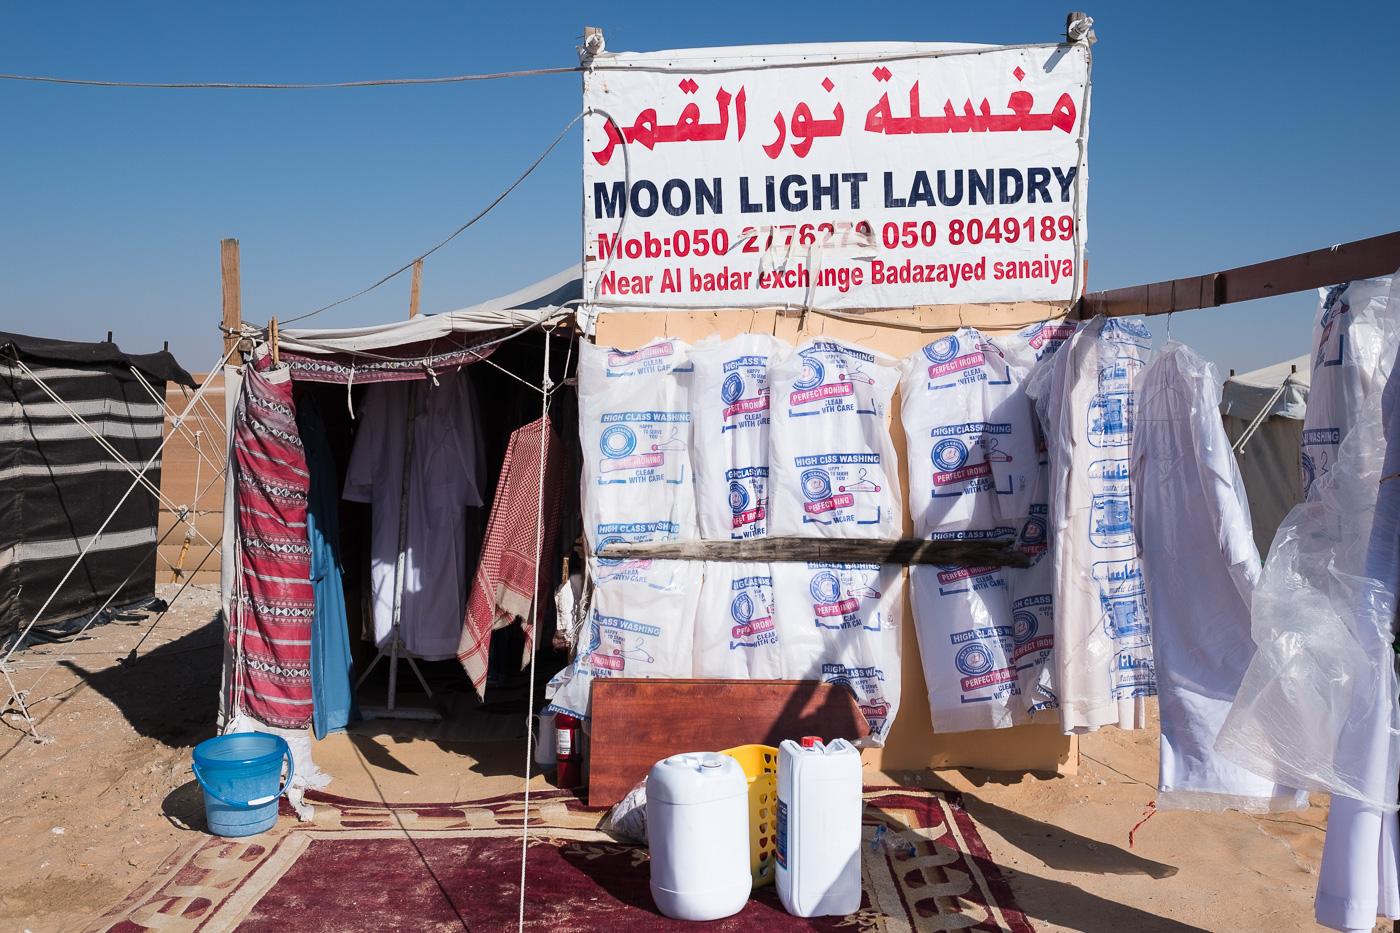 The Camel Festival shops #4
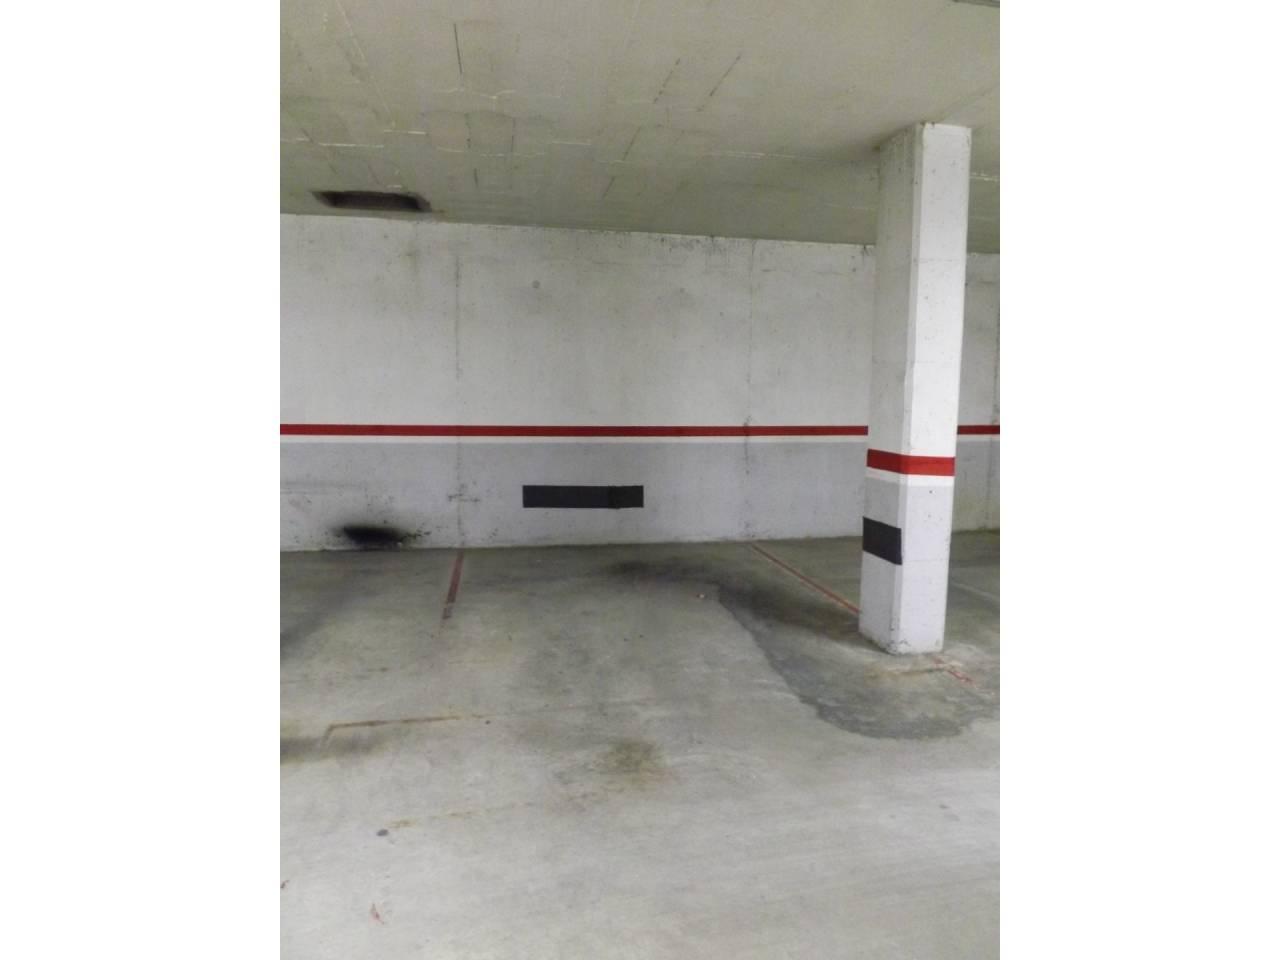 Location Parking voiture  Calle doctor trueta. Finques pardas - se alquila plaza de parking cerca del centro de
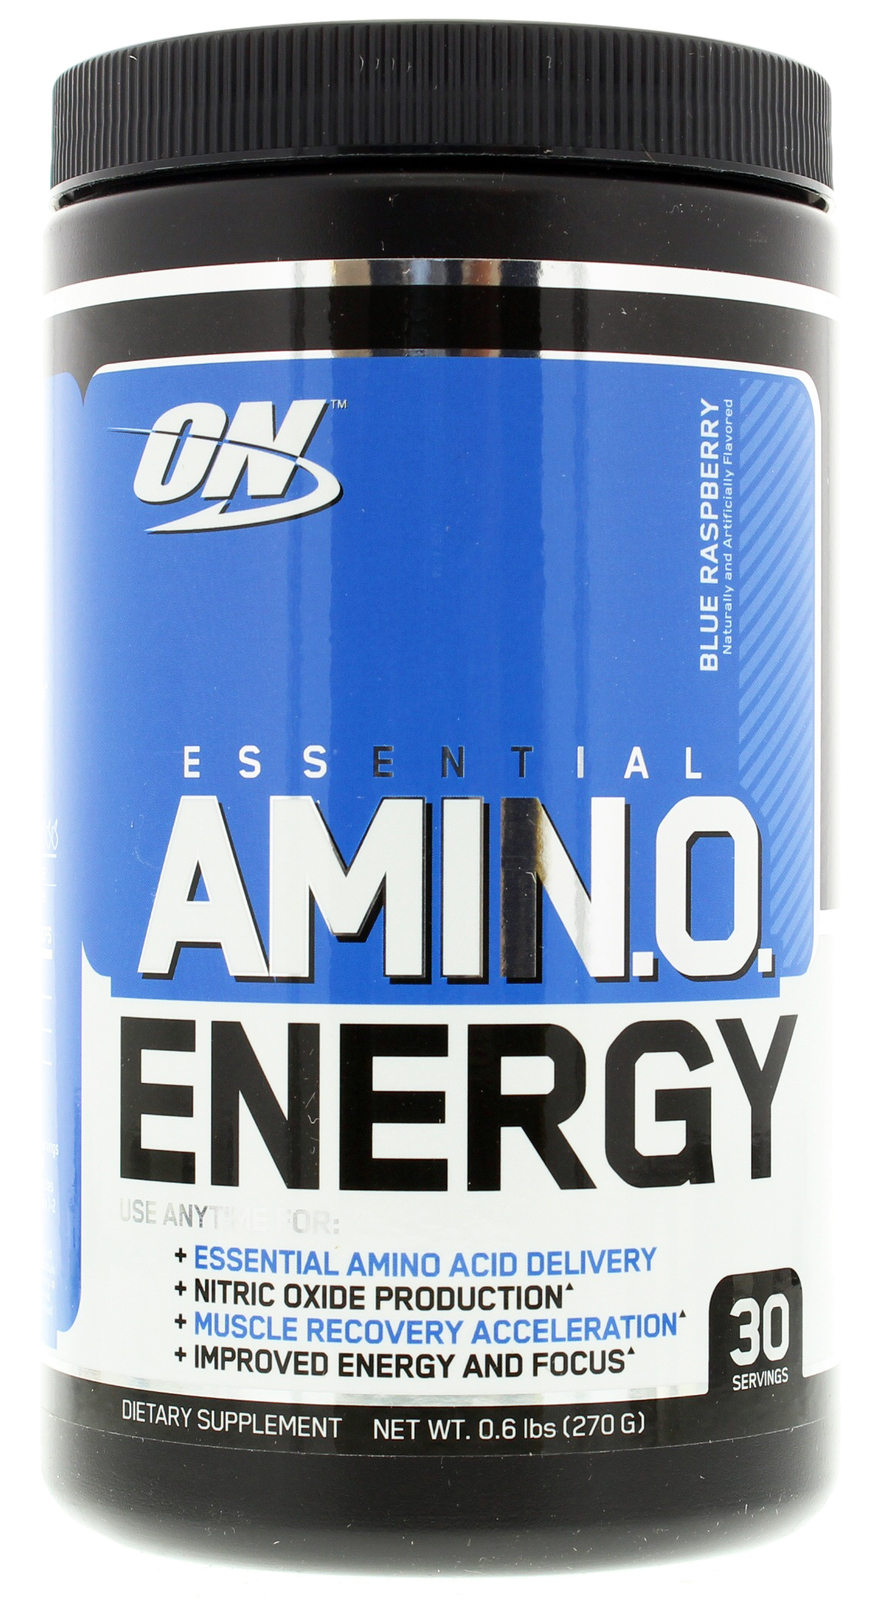 Optimum Nutrition Amino Energy Drink - Blue Raspberry (30 Serves) image
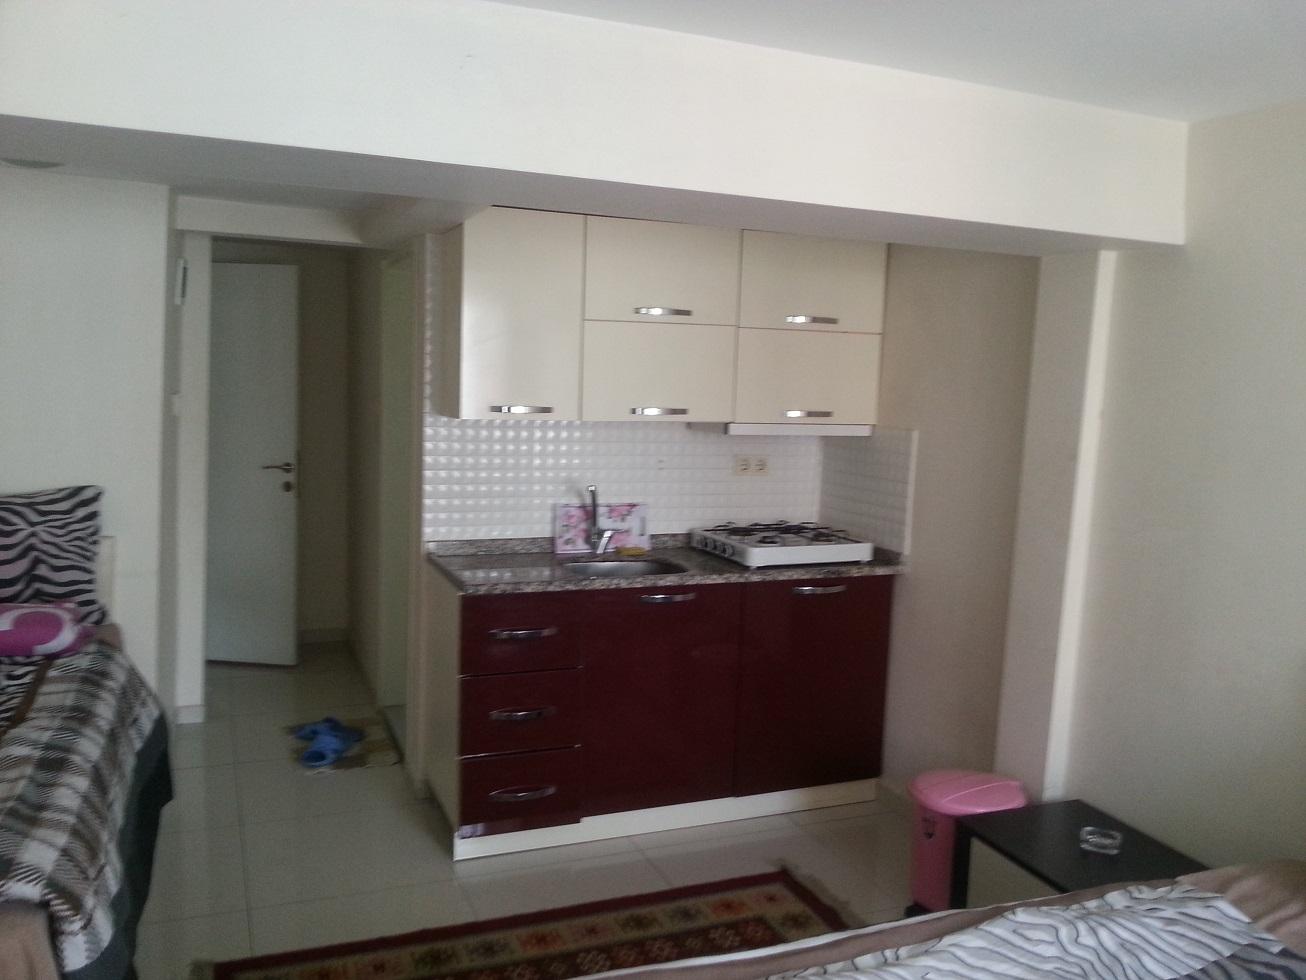 location appartement metz des conomies significatives. Black Bedroom Furniture Sets. Home Design Ideas
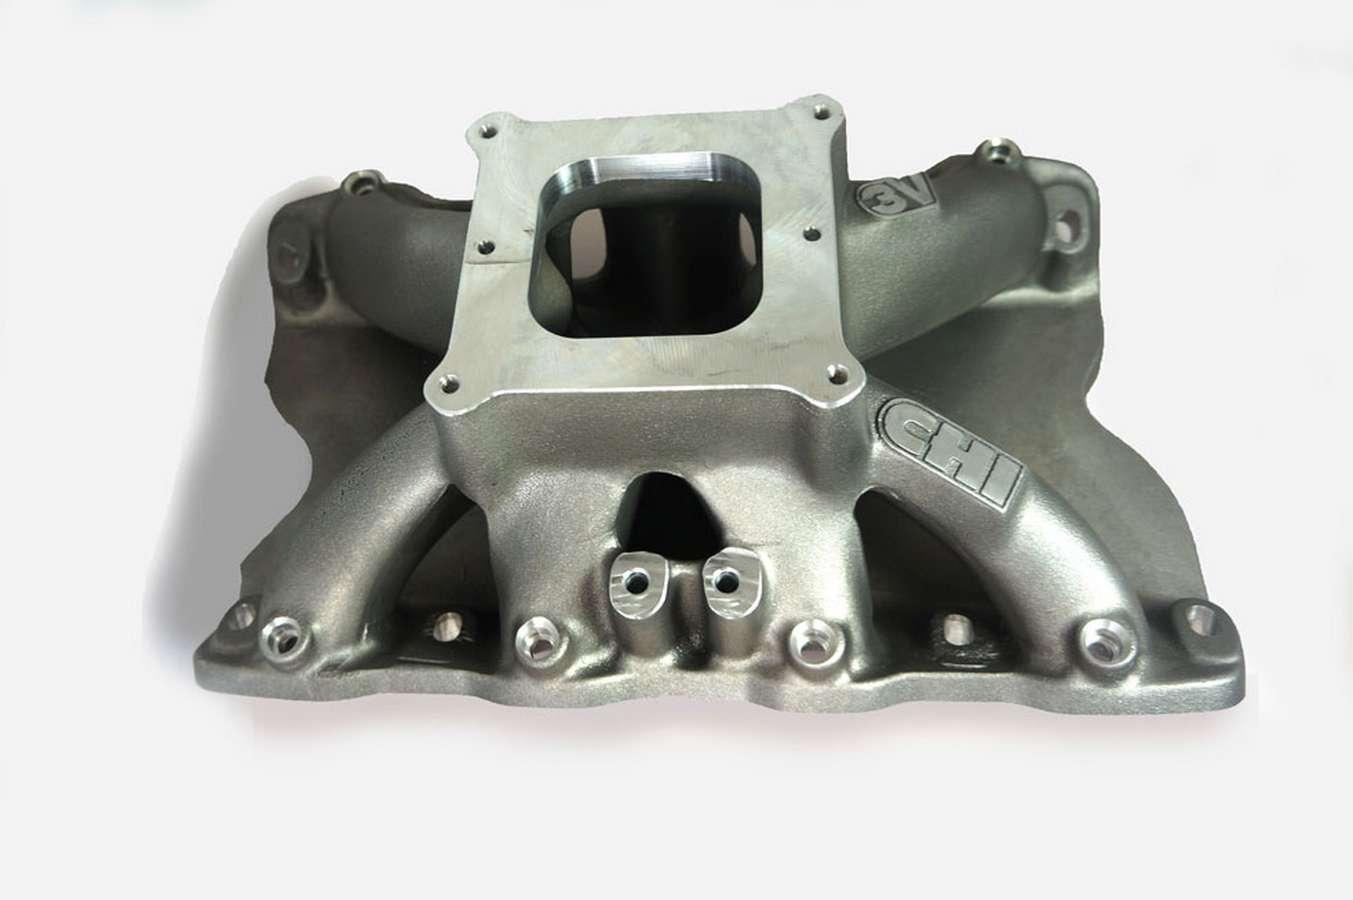 Intake Manifold - 3V 225cc Windsor 9.2
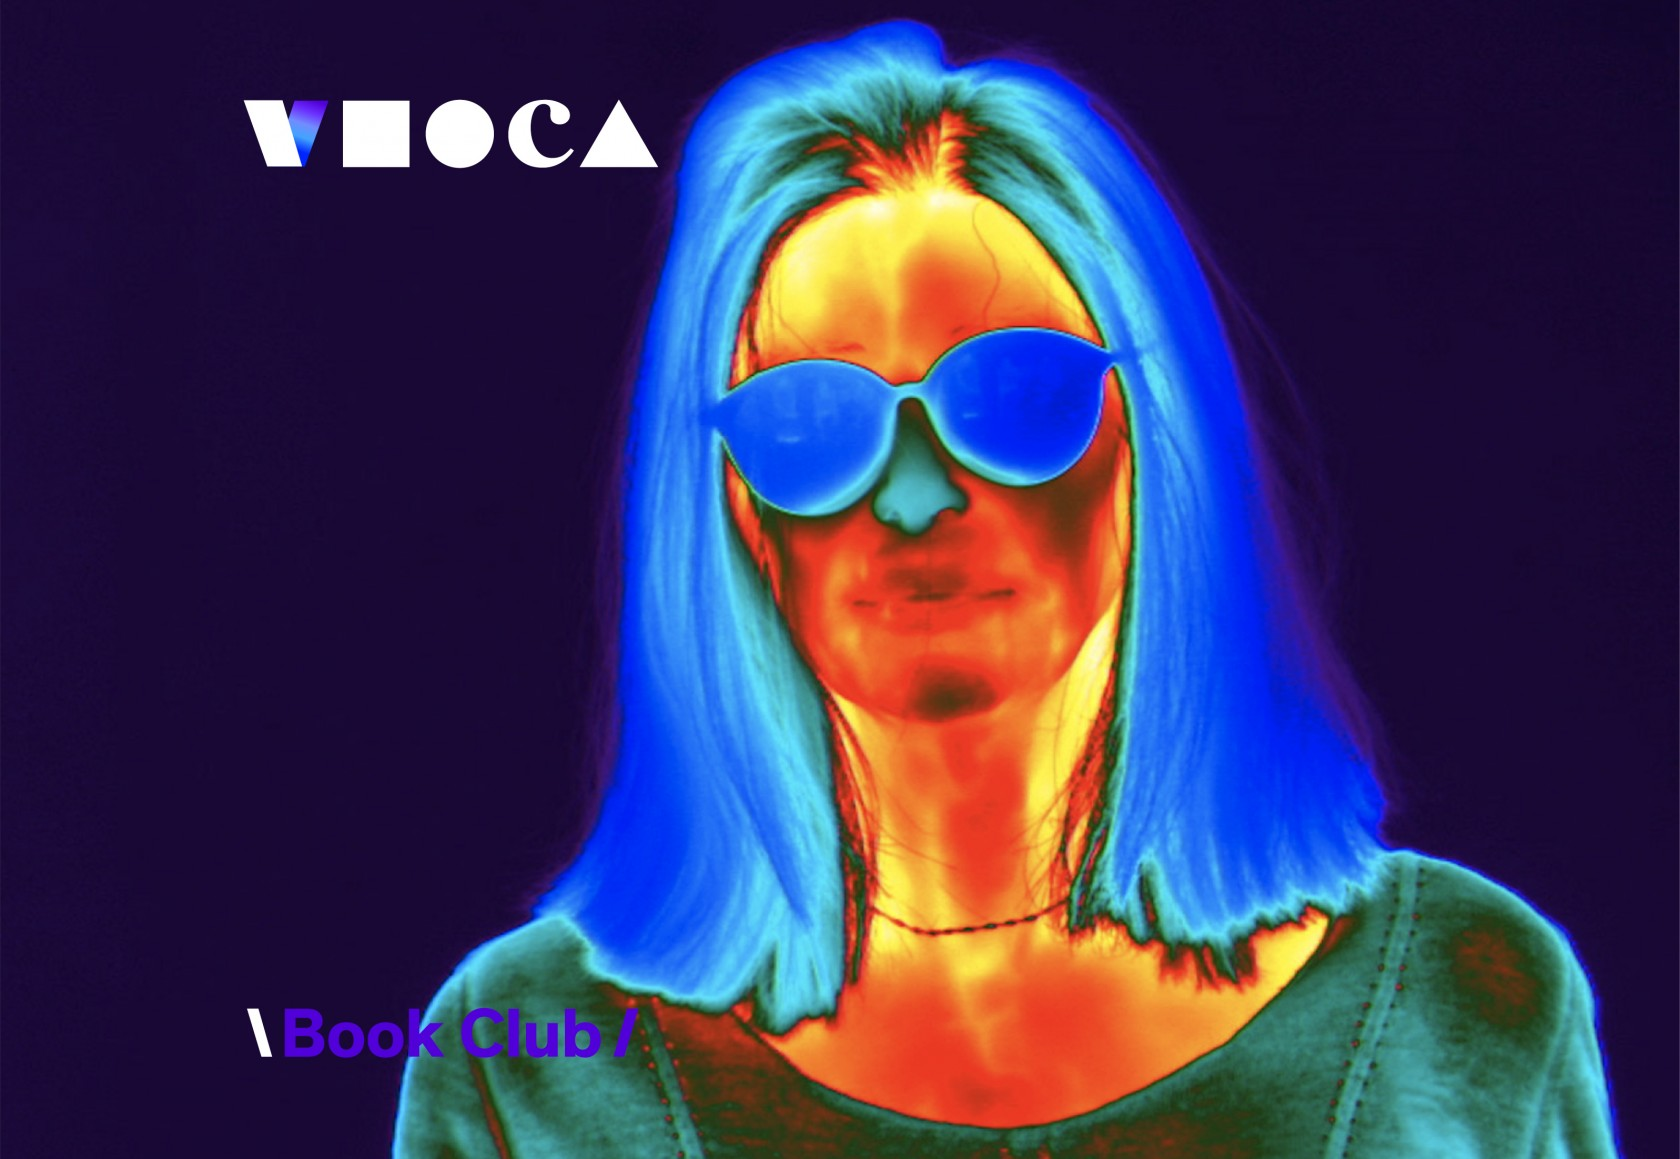 Virtual MOCA: Book Club

────────────────

- WHAT IS NEEDED
Output nothing but the lines from the one containing "location appartement metz" to the end of the listing, both ends included, reproduced exactly. Pictures stay out.

- TASK RESPONSE
 location appartement metz des conomies significatives. Black Bedroom Furniture Sets. Home Design Ideas
 Intake Manifold - 3V 225cc Windsor 9.2
 Virtual MOCA: Book Club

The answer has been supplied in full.